• [DATA EXTRACT]
----
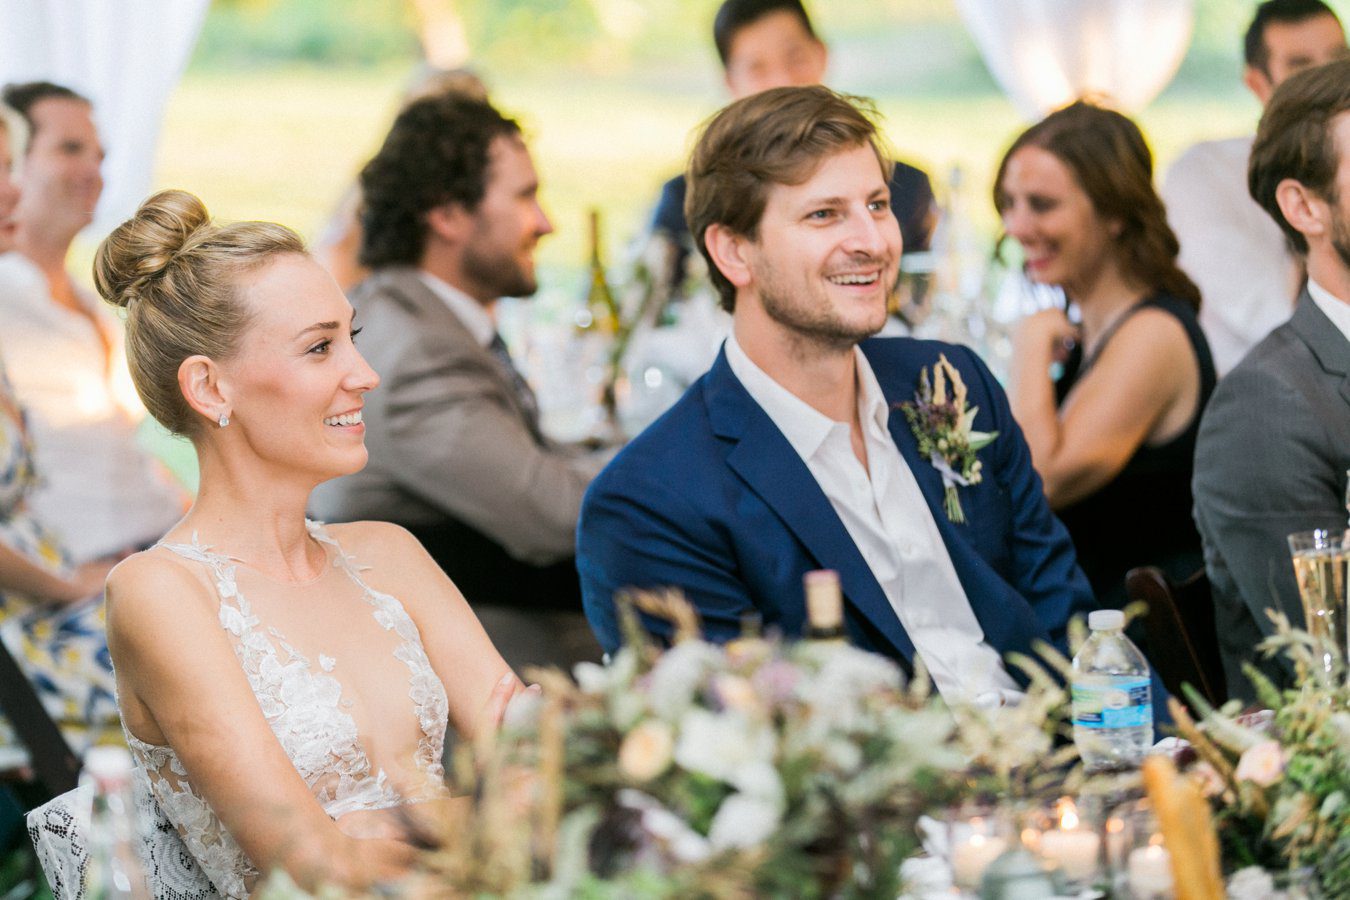 Happy bride & groom | Cory Weber Photography
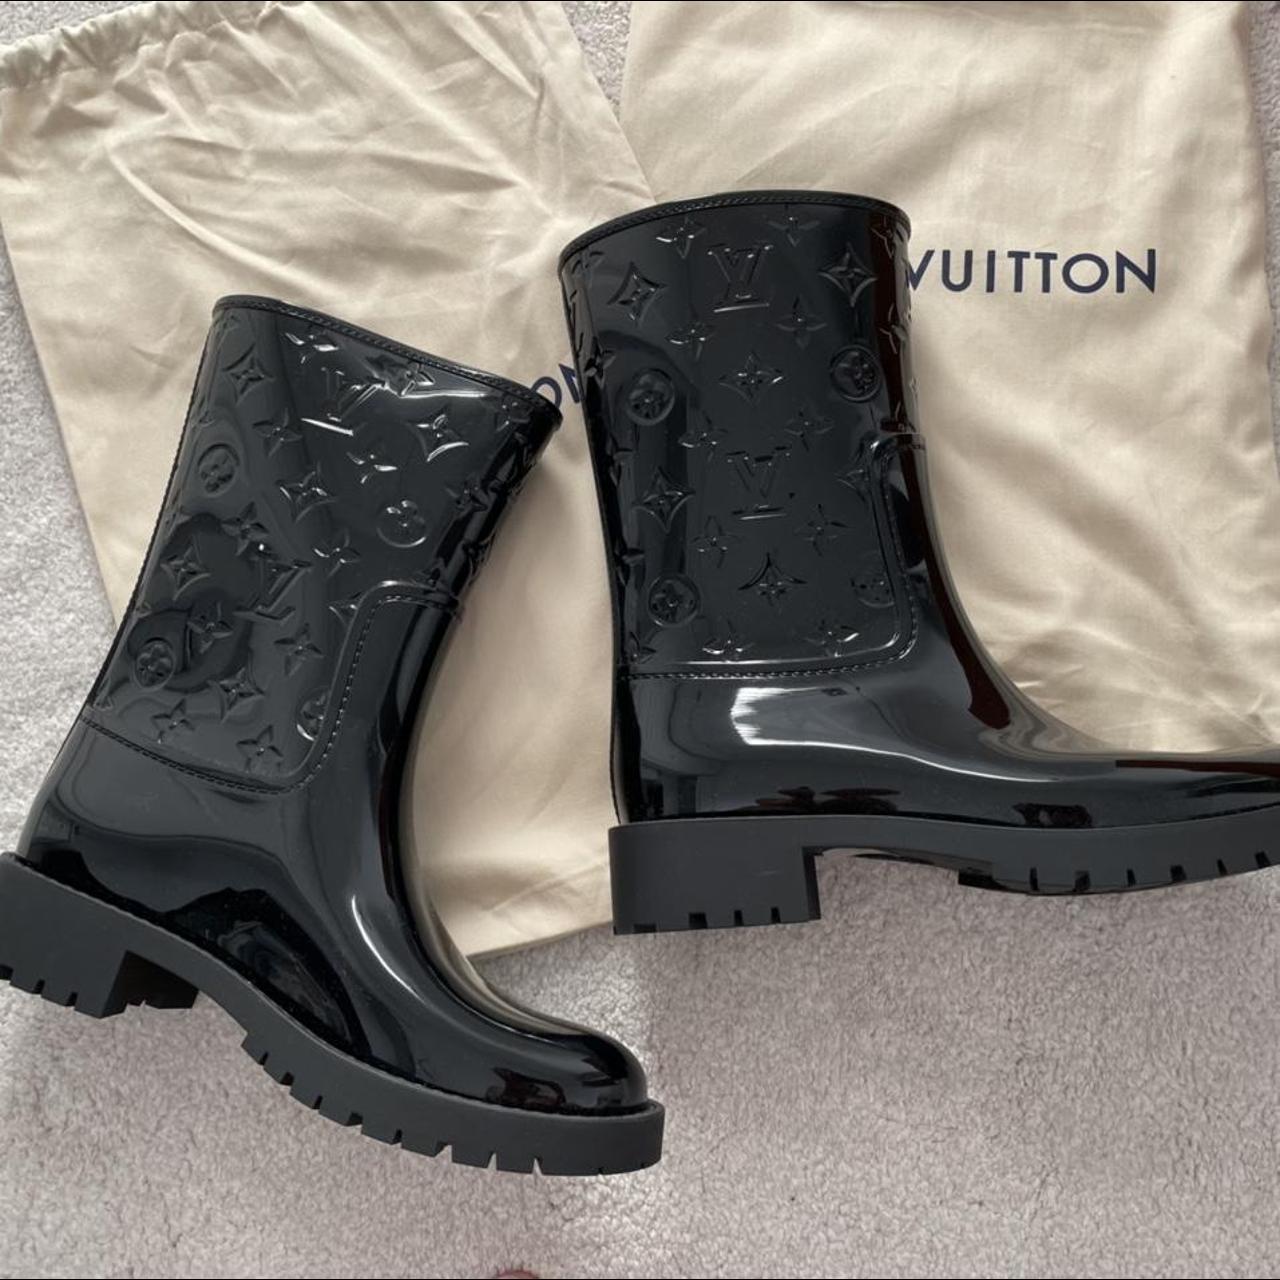 Louis Vuitton Drops Flat Half Boot BLACK. Size 35.0
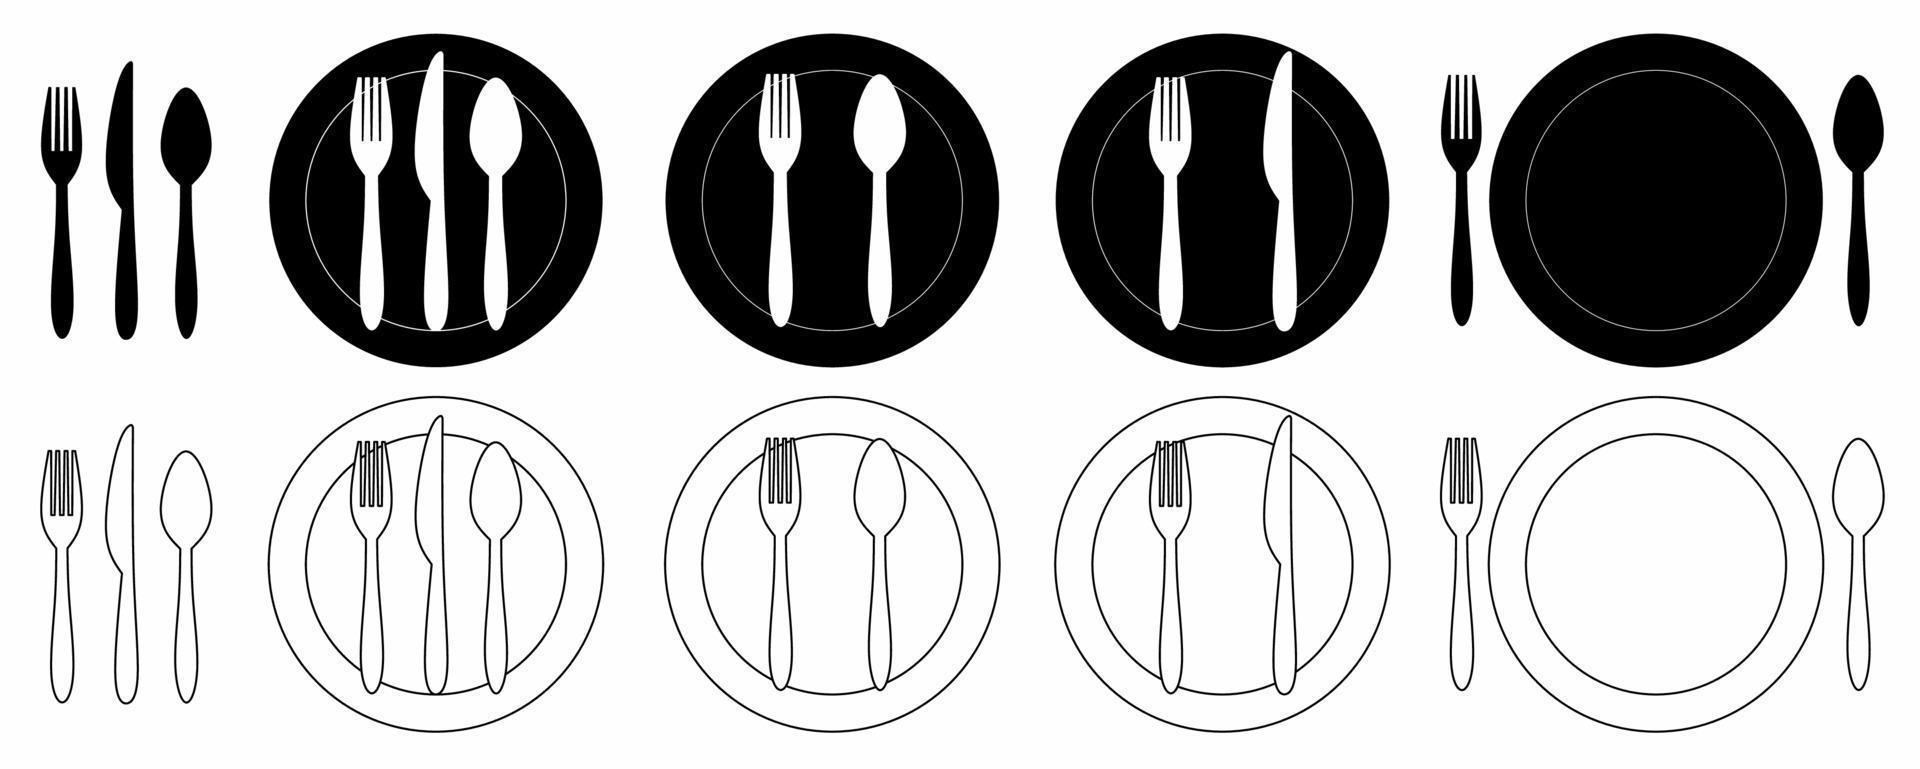 garfo colher faca prato talheres conjunto de ícones isolado no fundo branco vetor
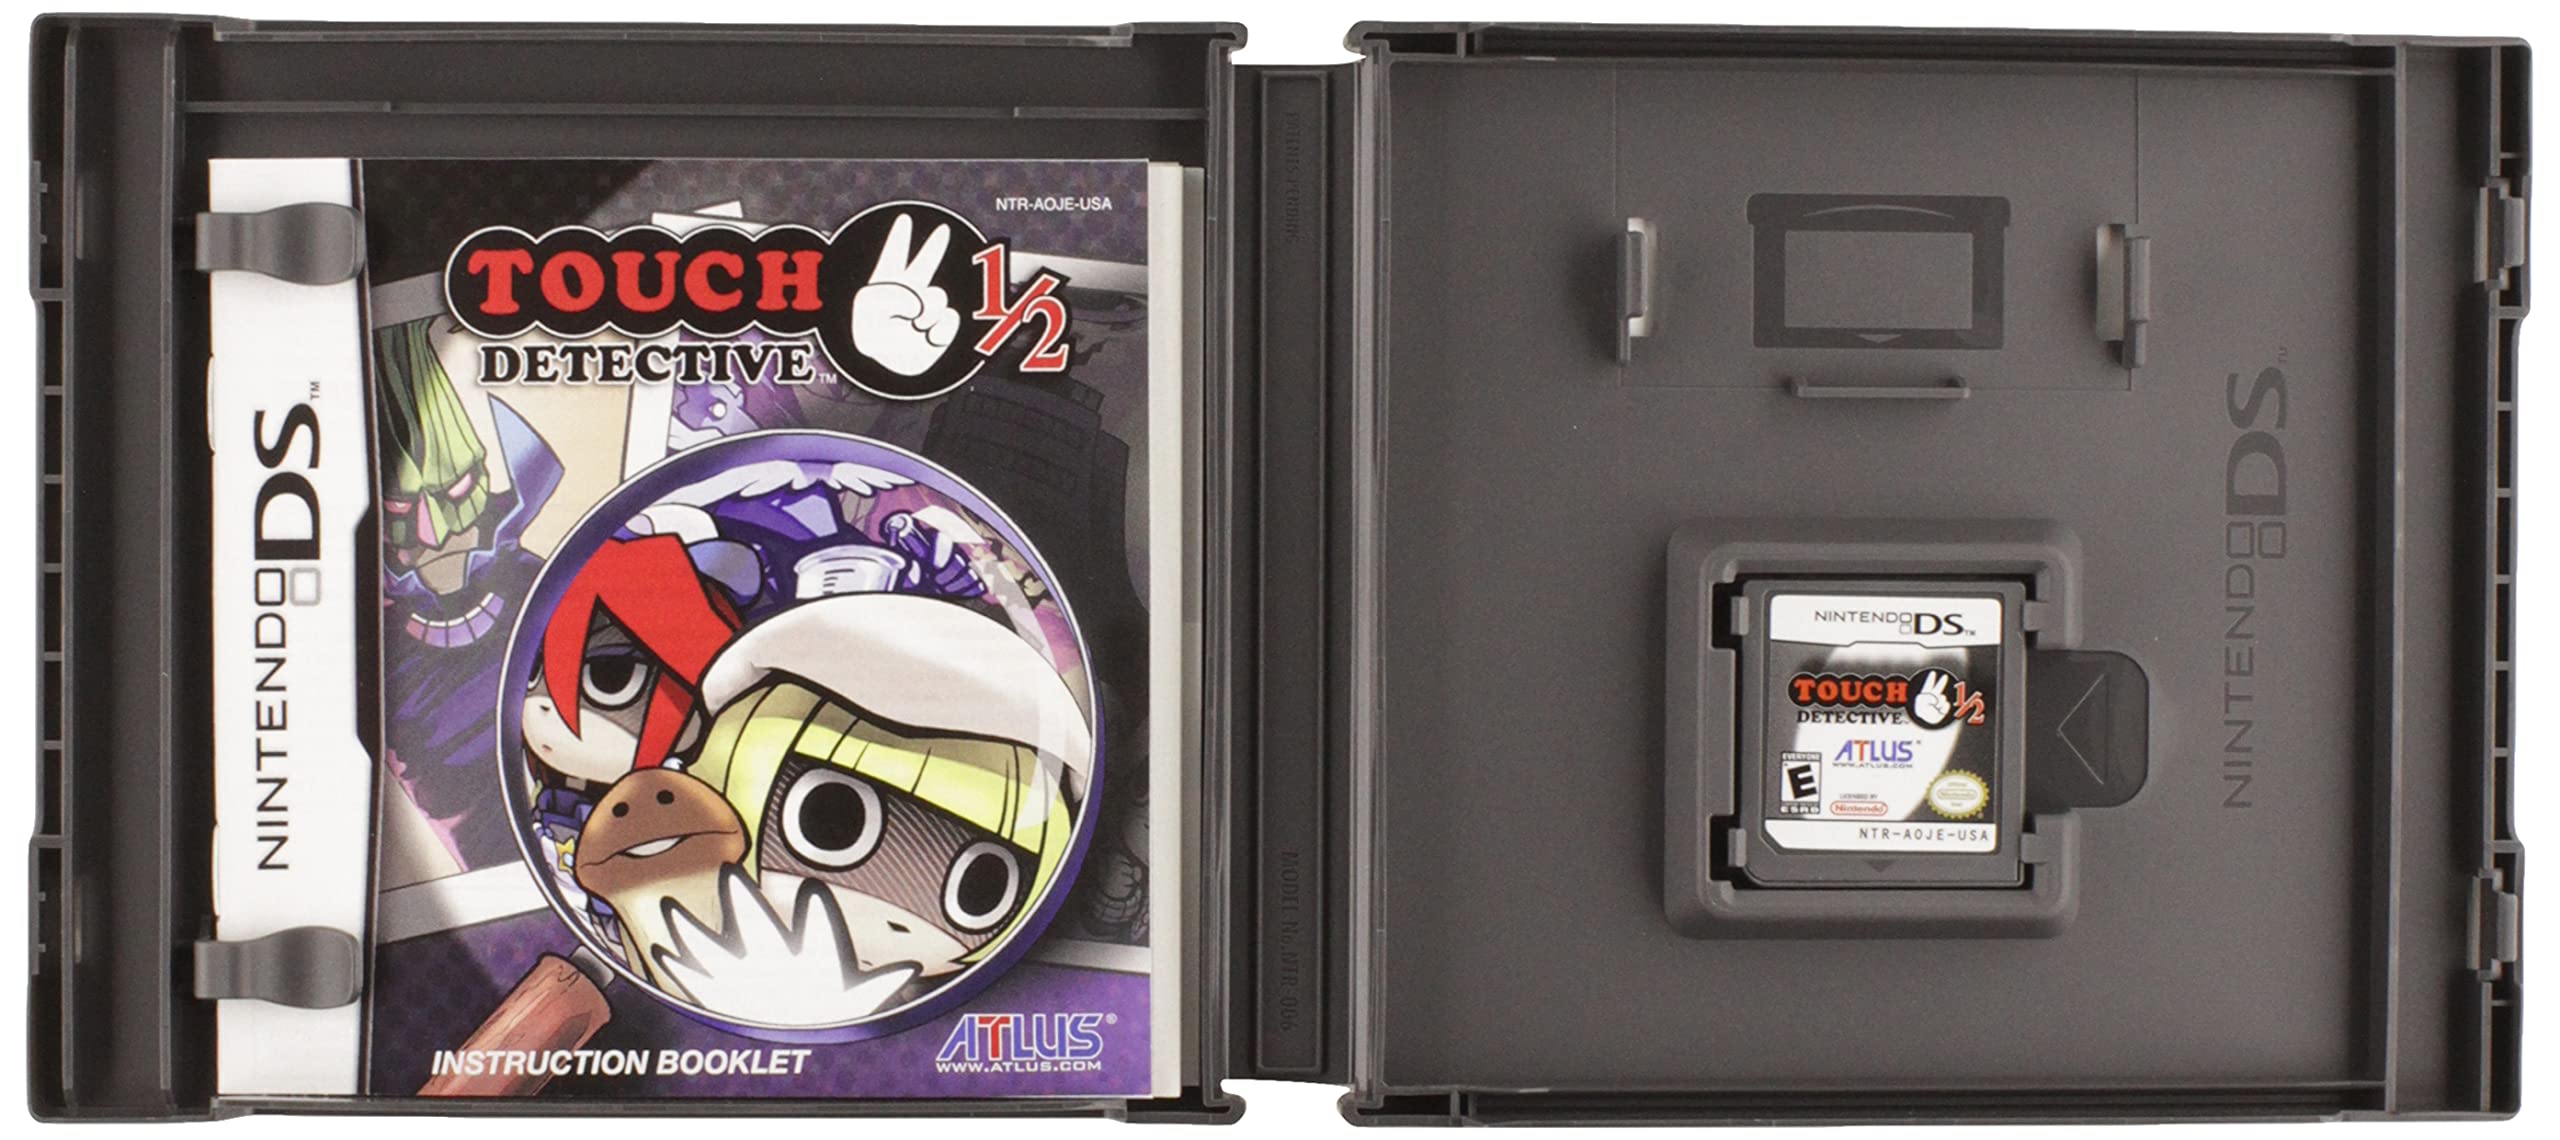 Touch Detective 2 1/2 - Nintendo DS
----
• [WHAT THE TASK ASKS]
Return the listing above word for word, with the pictures removed.

• [FINAL ANSWER]
 Happy bride & groom | Cory Weber Photography
 Louis Vuitton Drops Flat Half Boot BLACK. Size 35.0
 garfo colher faca prato talheres conjunto de ícones isolado no fundo branco vetor
 Touch Detective 2 1/2 - Nintendo DS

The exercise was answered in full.